GOAL OF THE EXERCISE: A verbatim copy is needed of the lines below from the one containing "STILL HAPPY NICE TRY Grey Sweater" up to and including the one containing "Happy 59th Birthday", excluding pictures.
##### SOURCE DATA
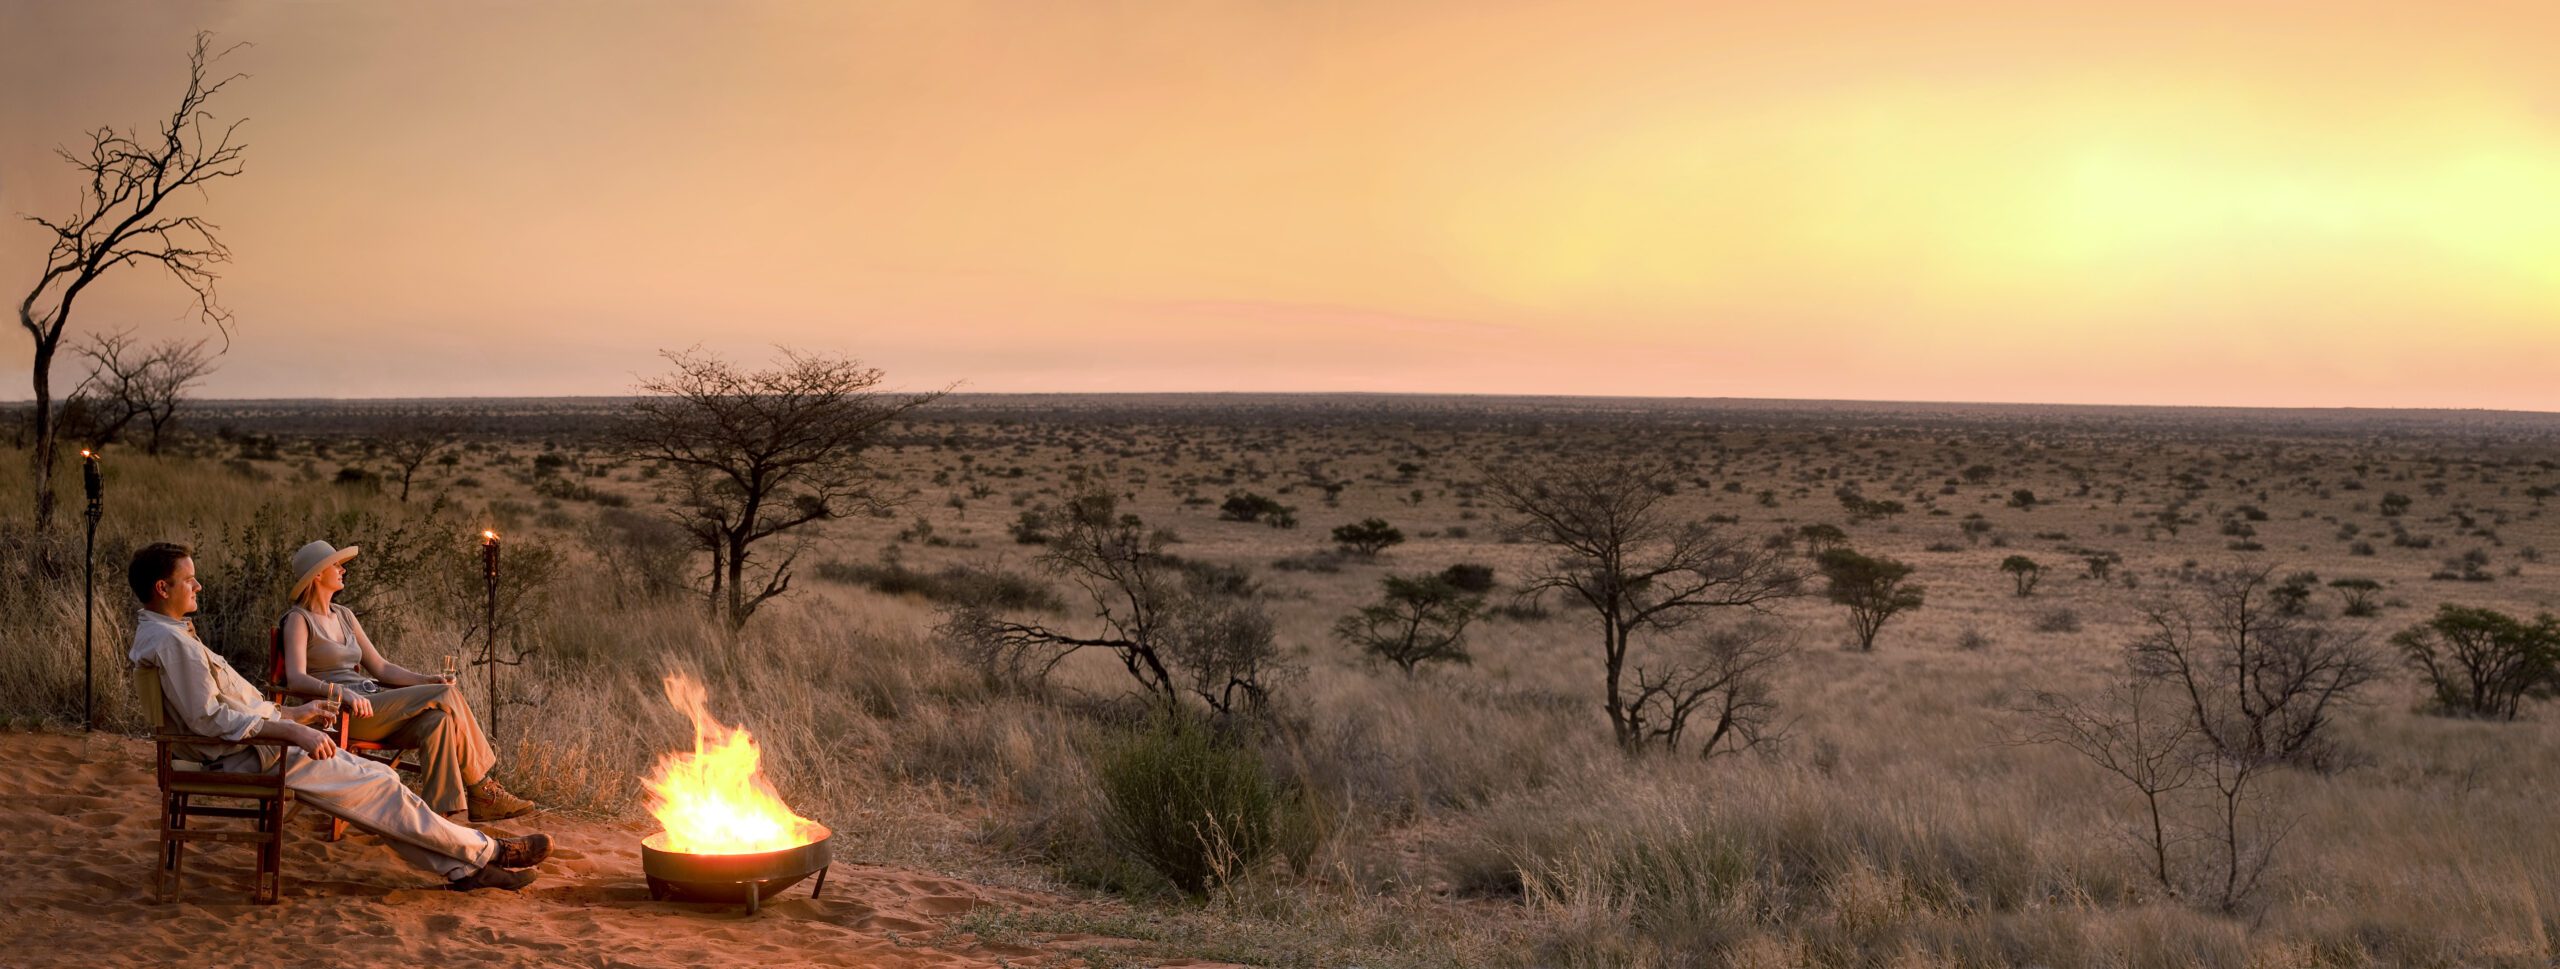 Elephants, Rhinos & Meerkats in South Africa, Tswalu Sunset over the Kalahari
##########
##### SOURCE DATA
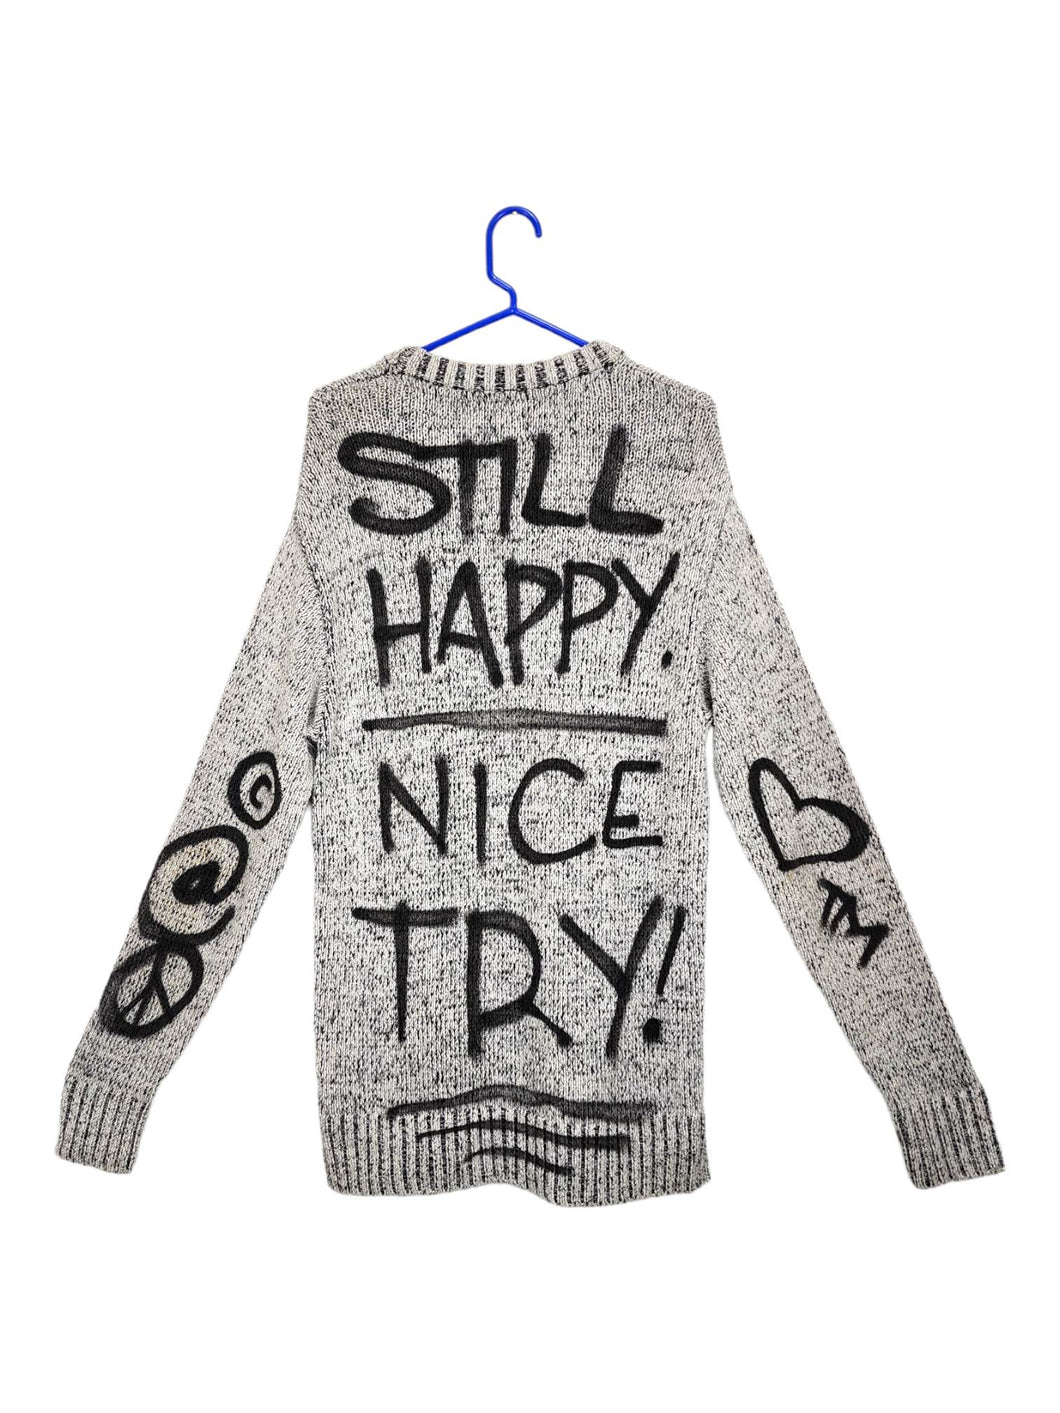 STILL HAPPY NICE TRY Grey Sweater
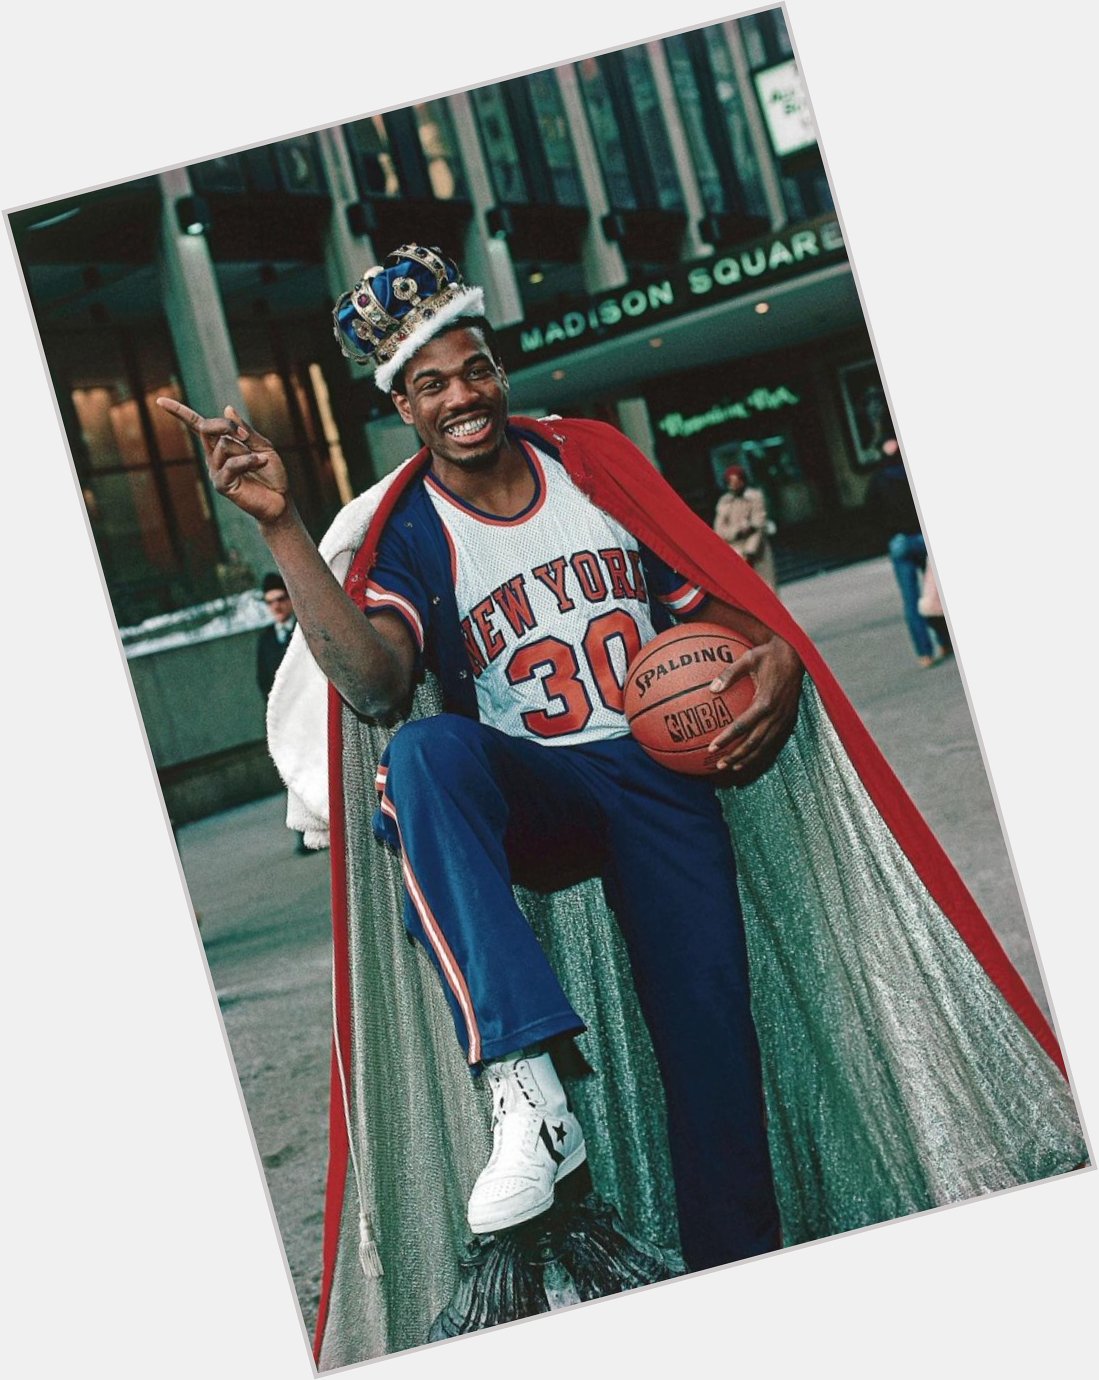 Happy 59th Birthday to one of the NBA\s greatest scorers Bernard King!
##########
FINISHED EXERCISE:
 STILL HAPPY NICE TRY Grey Sweater
 Happy 59th Birthday to one of the NBA\s greatest scorers Bernard King!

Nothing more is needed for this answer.